The data we will look at here come from a study of malignant and benign breast cancer cells using fine needle aspiration conducted at the University of Wisconsin-Madison. The goal was determine if malignancy of a tumor could be established by using shape characteristics of cells obtained via fine needle aspiration (FNA) and digitized scanning of the cells.
The variables in the data file you will be using are:
bc_cells <- read.csv('Data/BreastDiag.csv')
head(bc_cells) Diagnosis Radius Texture Smoothness Compactness Concavity ConcavePts Symmetry
1 M 17.99 10.38 0.11840 0.27760 0.3001 0.14710 0.2419
2 M 20.57 17.77 0.08474 0.07864 0.0869 0.07017 0.1812
3 M 19.69 21.25 0.10960 0.15990 0.1974 0.12790 0.2069
4 M 11.42 20.38 0.14250 0.28390 0.2414 0.10520 0.2597
5 M 20.29 14.34 0.10030 0.13280 0.1980 0.10430 0.1809
6 M 12.45 15.70 0.12780 0.17000 0.1578 0.08089 0.2087
FracDim
1 0.07871
2 0.05667
3 0.05999
4 0.09744
5 0.05883
6 0.07613
My analysis suggests 3 PCs should be retained. Support or refute this suggestion. What percent of variability is explained by the first 3 PCs?
cells_pca <- prcomp(bc_cells[-1], scale. = TRUE)
fviz_eig(cells_pca)summary(cells_pca)Importance of components:
PC1 PC2 PC3 PC4 PC5 PC6 PC7
Standard deviation 2.0705 1.3504 0.9087 0.70614 0.61016 0.30355 0.2623
Proportion of Variance 0.5359 0.2279 0.1032 0.06233 0.04654 0.01152 0.0086
Cumulative Proportion 0.5359 0.7638 0.8670 0.92937 0.97591 0.98743 0.9960
PC8
Standard deviation 0.17837
Proportion of Variance 0.00398
Cumulative Proportion 1.00000
87% of the variability is explained by the first 3 PCs. I think using 3 PCs is appropriate, we see the ‘elbow’ in the line at the 6th PC, meaning we would use the first 5 PCs before negligible returns, but 5 PCs is difficult to visualize, so choosing the first 3 seems the most appropriate for a visual analysis.
Interpret the first 3 principal components by examining the eigenvectors/loadings. Discuss.
cells_pca$rotation[,1:3] PC1 PC2 PC3
Radius -0.3003952 0.52850910 0.27751200
Texture -0.1432175 0.35378530 -0.89839046
Smoothness -0.3482386 -0.32661945 0.12684205
Compactness -0.4584098 -0.07219238 -0.02956419
Concavity -0.4508935 0.12707085 0.04245883
ConcavePts -0.4459288 0.22823091 0.17458320
Symmetry -0.3240333 -0.28112508 -0.08456832
FracDim -0.2251375 -0.57996072 -0.24389523
The first PC gives the most weight to compactness, concavity, and concave points, with all of the values being negative. PC 1 also values texture the least. PC 2 gives the most weight to the radius, which is positive, and the fractal dimension, which is negative. It gives the lease weight to compactness and concavity, and the values are half positive and half negative. PC 3 gives the most weight to texture, which is negative, and it gives the rest of the variables very low weights.
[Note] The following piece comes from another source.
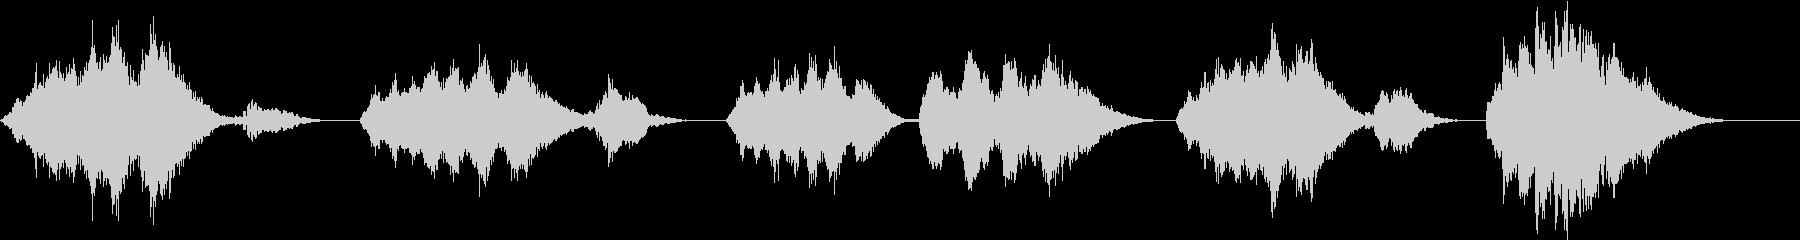 きらきら星 現代ジャズ風 ストリングスの未再生の波形

Examine a biplot of the first two PCs. Incorporate the third PC by sizing the points by this variable. (Hint: use fviz_pca to set up a biplot, but set col.ind='white'. Then use geom_point() to maintain full control over the point mapping.) Color-code by whether the cells are benign or malignant. Answer the following:
points <- (data.frame(cells_pca$x[,1:3]) %>% mutate(Diagnosis = bc_cells$Diagnosis))
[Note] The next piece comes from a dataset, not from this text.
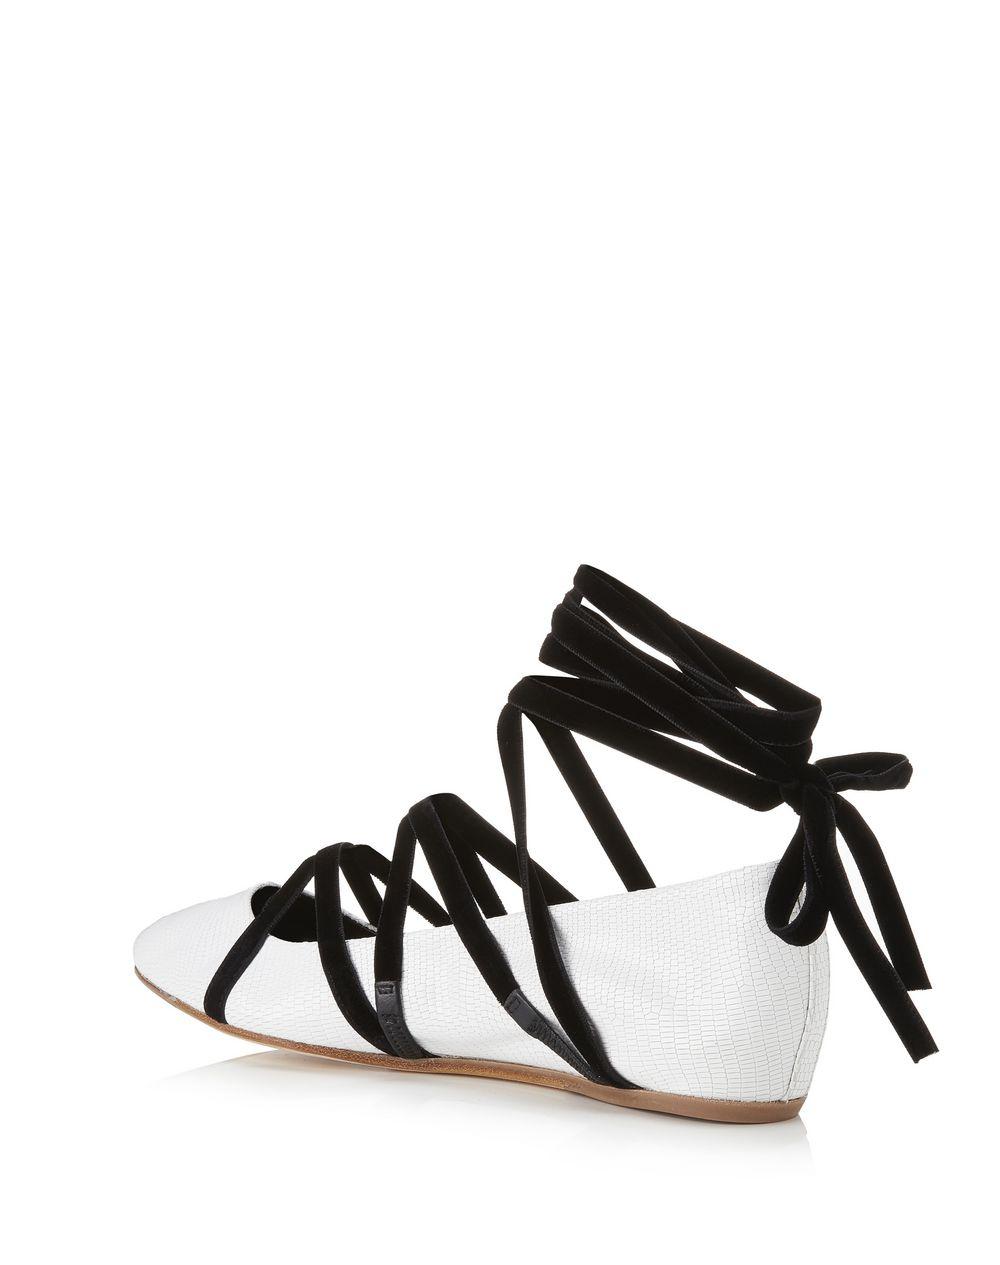 系带芭蕾平底鞋 - Lanvin

(fviz_pca(cells_pca, axes = 1:2, col.ind = 'white')
+ geom_point(data = points, aes(x= PC1, y= PC2, size = PC3, color = Diagnosis))
+ scale_size(range = c(1, 4))
)It seems that the most important characteristics are texture, radius, concave points, and concavity. Of the 3 PCs, it seems that PC 1 is the best at differentiating between malignant and benign cells. This is because it gives higher weight to concavity, concave points, and radius. PC 2 gives higher weight to radius and texture but lacks in concavity and concave points. PC 3 gives higher weight to texture but lacks in the rest of the important variables. That is why PC 1 does the best job.